Picture graduating from college and landing a job that offers a good salary, health benefits, retirement package — and your employer will help pay off your student loans.
More and more companies are jumping on the bandwagon, sponsoring benefit programs to repay their employees’ student loans. The benefits are clear on both ends: Employers get the leverage they need to attract and retain millennial talent, and new hires find professional advancement and help on their student debt.
But there is one drawback — job-sponsored student loan reimbursement is not tax-free. Like your paycheck, it’s counted as income and subject to income tax.
Does this mean that accepting student loan help isn’t worth it? Not necessarily. Offsetting the tax burden may be possible with smart student loan decisions, and some proposed Congressional legislation may eventually make employer-sponsored student loan payments tax-free.
How job-sponsored student loan payments work
Companies generally allocate a certain amount of money from their budgets for employees with student loans. We’ve previously mentioned some high-profile organizations who offer student loan payoff benefits. Here are other examples of companies that pay off student loans.
- Fidelity Investments offers a $2,000 reimbursement package distributed over five years to employees who pass the 6-month mark at the firm.
- Education-based Chegg disburses up to $1,000 in student loan repayment annually to all its employees.
- PricewaterhouseCoopers’ student loan plan gives employees the chance to receive up to $10,000 over six years to pay off their debt, up from $7,200.
- Global asset management company Natixis offers workers employed for more than five years $5,000 applied to their student loan debt, with an extra $1,000 annually for the following five years.
- Aetna will start providing a $2,000 annual match for employee student loan payments, maxing out the benefit at $10,000.
- LendEDU also offers employees $200 per month — $2,400 per year — towards their student loans.
Beware of the tax implications
Don’t confuse student loan reimbursement with tuition reimbursement. Under IRS rules, if your employer pays you up to $5,250 annually in educational assistance benefits (including tuition), it’s tax-deductible.
Student loan reimbursement is a different story. You’ll need to claim any amount on your tax return if your employer compensates you for your loans, no matter what the company policy or payout is. Considering that it qualifies as taxable, it would technically be closer to a salary bonus than a benefit.
All that may change if the Student Loan Repayment Assistance Act of 2015 passes muster through Congress.
The proposal would amend existing tax code to allow recipients of employer-sponsored student loan repayments to deduct up to $6,000 per taxable year, or $50,000 over a lifetime. To qualify, according to the pending bill, participants are required to pay at least $50 towards their student loans each month.
A second piece of legislation in the works, the Employer Participation in Student Loan Assistance Act, would liken job-endorsed student loan payment plans to educational assistance benefits, permitting employers to compensate employees up to the same $5,250 in student loan debt, tax-free.
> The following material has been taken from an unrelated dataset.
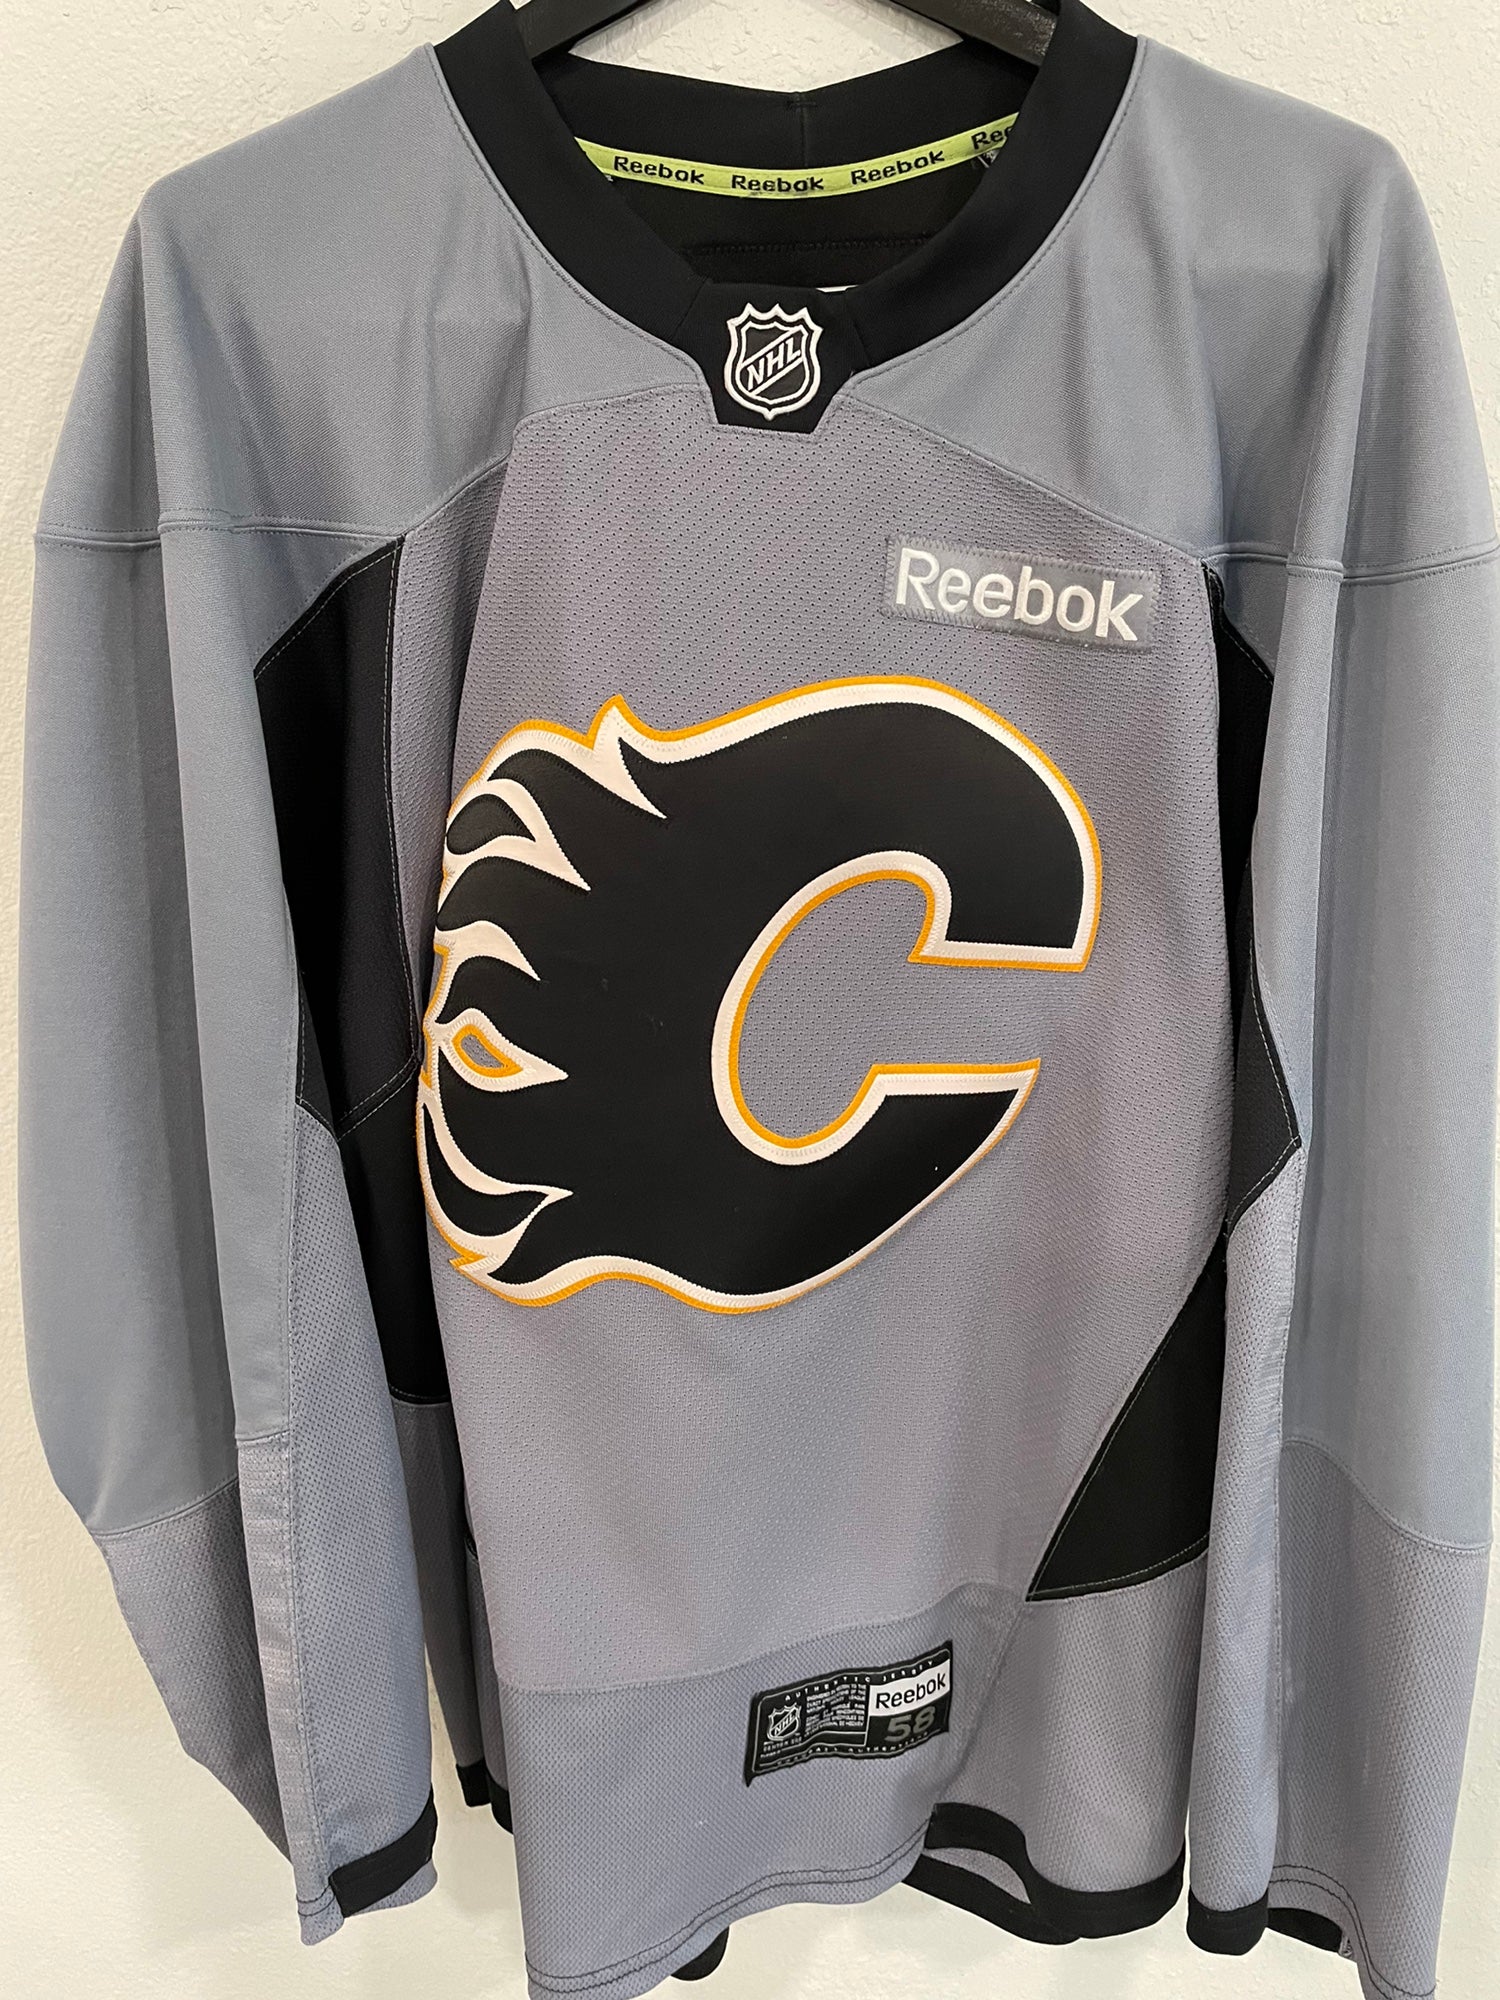 Authentic Calgary flames Jersey reebok NHL Top Size 58 XXL - White

Benefiting from employer-sponsored benefits
Don’t let tax fears discourage you from participating in an employer-backed student loan assistance program. If you’re concerned that you’ll end up paying more to the IRS compared to what you’d likely save in student loan payments each month, consider the following:
Tax rates and potential savings depend on your finances
Minimizing the tax hit will depend on several factors, like the interest rate and terms of your student loans, your salary, and the structure of your employer’s student loan assistance program.
According to The Wall Street Journal, if an employee carries the national average of $35,000 in student loan debt with a 10-year standard repayment plan and 5% APR, the worker could pay off their loans in just 7.5 years with a $100 monthly contribution from their employer.
If that same employee earns between $40,000 and $70,000 annually, they’ll owe $2,250 in taxes but earn $6,750 towards their loan repayments.
Crunch some numbers to see if you’ll come out ahead of the tax liabilities by receiving student loan benefits from your employer.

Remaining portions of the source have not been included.